While there was a rise seen in cost of sales that increases along with increased load factors and utilization of plants and hence restricts GP growth, the consolidated earnings benefited from the rise in earnings from the share of profit from China Power Hub Generation Company (CPHGC), lower finance cost in FY21, and absence Rs1 billion transfers of share of 1.5 percent stake in CPHGC to Government of Balochistan in FY20. The rise in share of profits from CPHGC was 13 percent, while the fall in finance cost was 38 percent year-on-year due to lower interest rates. HUBC’s consolidated earnings for FY21 rose by 34 percent year-on-year.
In FY22, HUBC witnessed a slight dip in consolidated earnings for the year – 15 percent year-on-year. The decline in earnings stemmed from lower share of profits from associates as well as higher finance cost. The company’s consolidated revenues were seen growing by 78 percent due to higher utilization of the base plant and Narowal plant overall in FY22 from 2 and 26 percent in FY21 to 12 and 46 percent respectively in FY22. On the other hand, the utilization of Laraib and China Power Hub Generation Company (CPHGC) plants were down from 63 and 72 percent in FY21 to 57 and 62 percent respectively in FY22. CPHGC utilization was low due to the outage during the year. CPHGC unit 1 returned to service in January 2022. Gross profits were flat for HUBC in FY22, whereas the net earnings fell despite growth in other income due to 40 percent decline in share of profits from associates and joint ventures and an 8 percent rise in finance costs. The company did not pay any dividends for FY22, which was due to high fuel and commodity prices.
HUBC in FY23
The IPP announced a massive increase in consolidated earnings with highest ever profit for FY23. The growth in earnings came from HUBC’s diversification strategy and higher share of profits from associates and JV during the year. The power company does not depend on the base plant at Hub anymore for dispatches; besides its coal investment, China Power Hub Generation Company under CPEC driving profitability since FY20, the inclusion of ThalNova Power Plant in Feb-23 and TEL in the latter part of FY23 contributed to the earnings.

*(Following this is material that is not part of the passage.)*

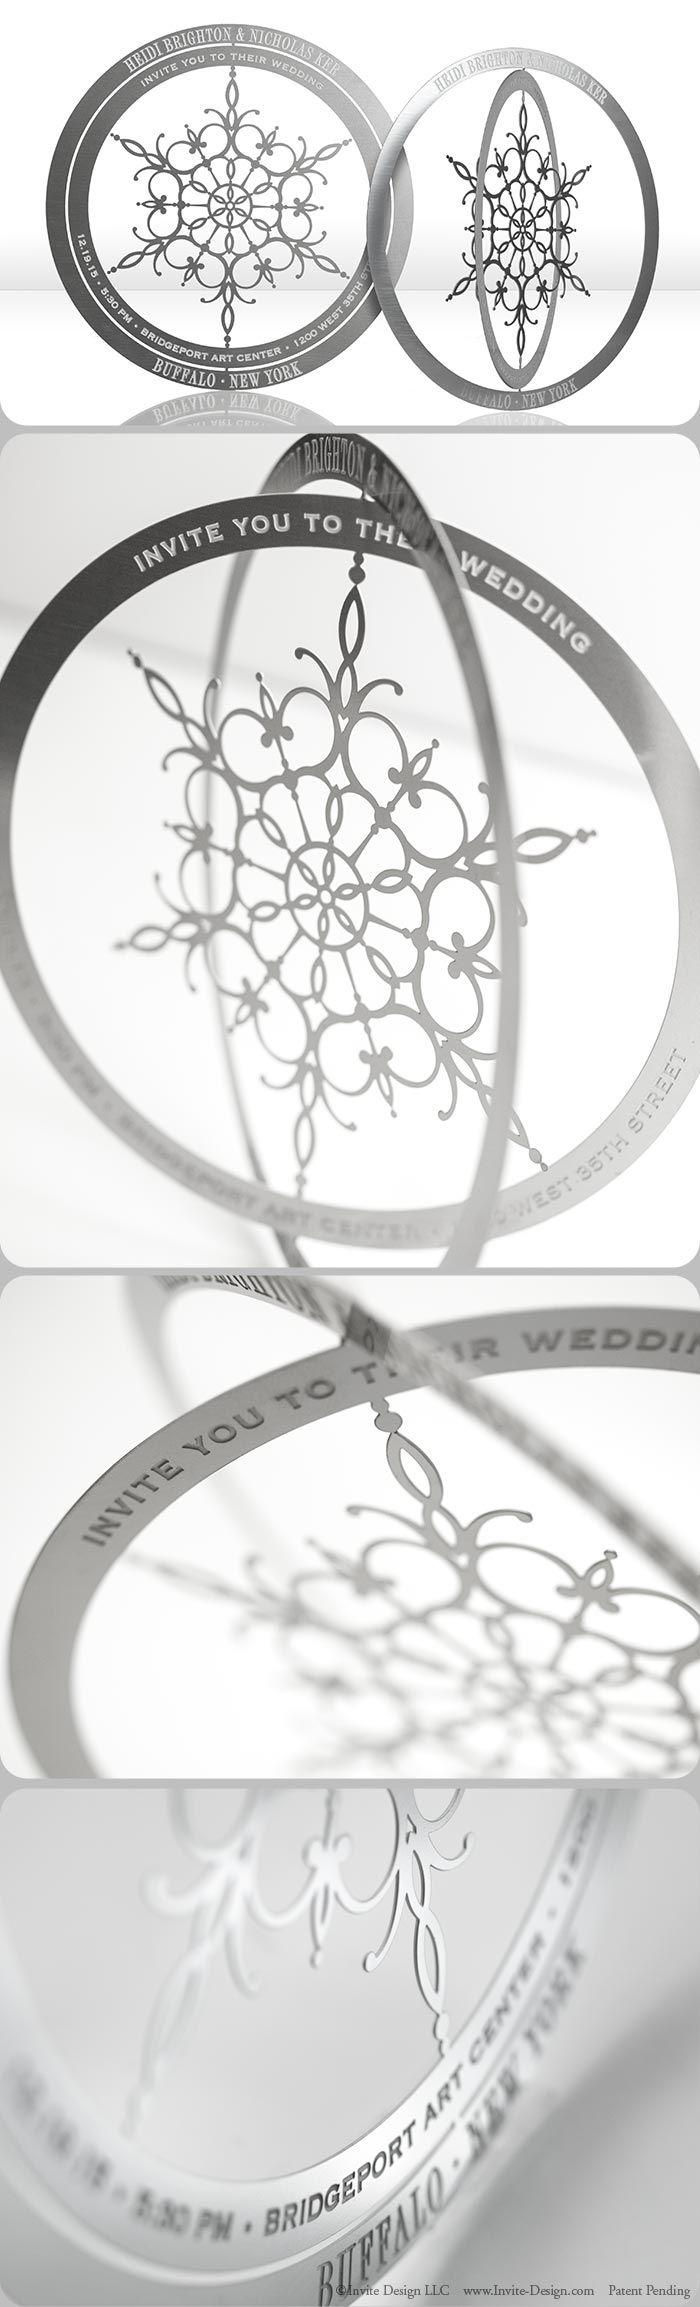 Snowflake metal wedding invitations mail flat, then transform into ...
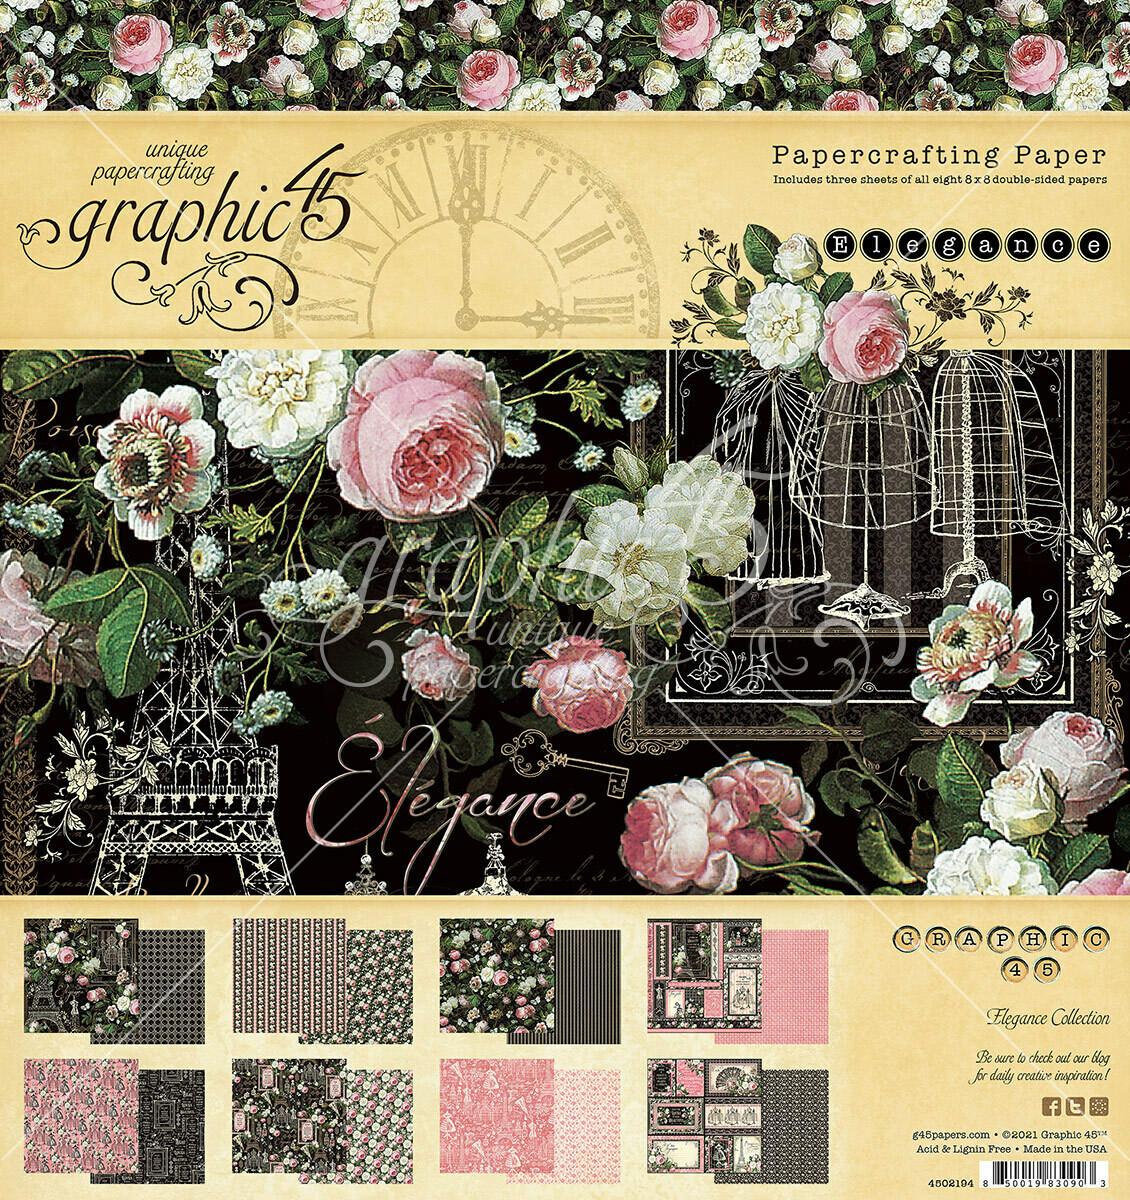 Elegance 8x8 Paper Pad - Graphic 45

Starting from the top, HUBC’s consolidated revenue growth stood at 18 percent where the rise was due to higher furnace oil prices rather than the electricity dispatches that were down by around nine percent, year-on-year in FY23.
HUBC’s bottomline was seen growing by 110 percent year-on-year, not only due to controlled expenses but also higher other income. And as mentioned, the biggest role was that of share of profits from associates that was up by more than 3.7 times, which was probably due to a claim for property damage and business interruption as well as the addition of Eni’s business. The rise was also contributed by the currency depreciation during the year. What however impacted the bottomline was the higher finance cost – up by 144 percent year-on-year – due to higher interest rates as well as inclusion of TEL’s finance cost.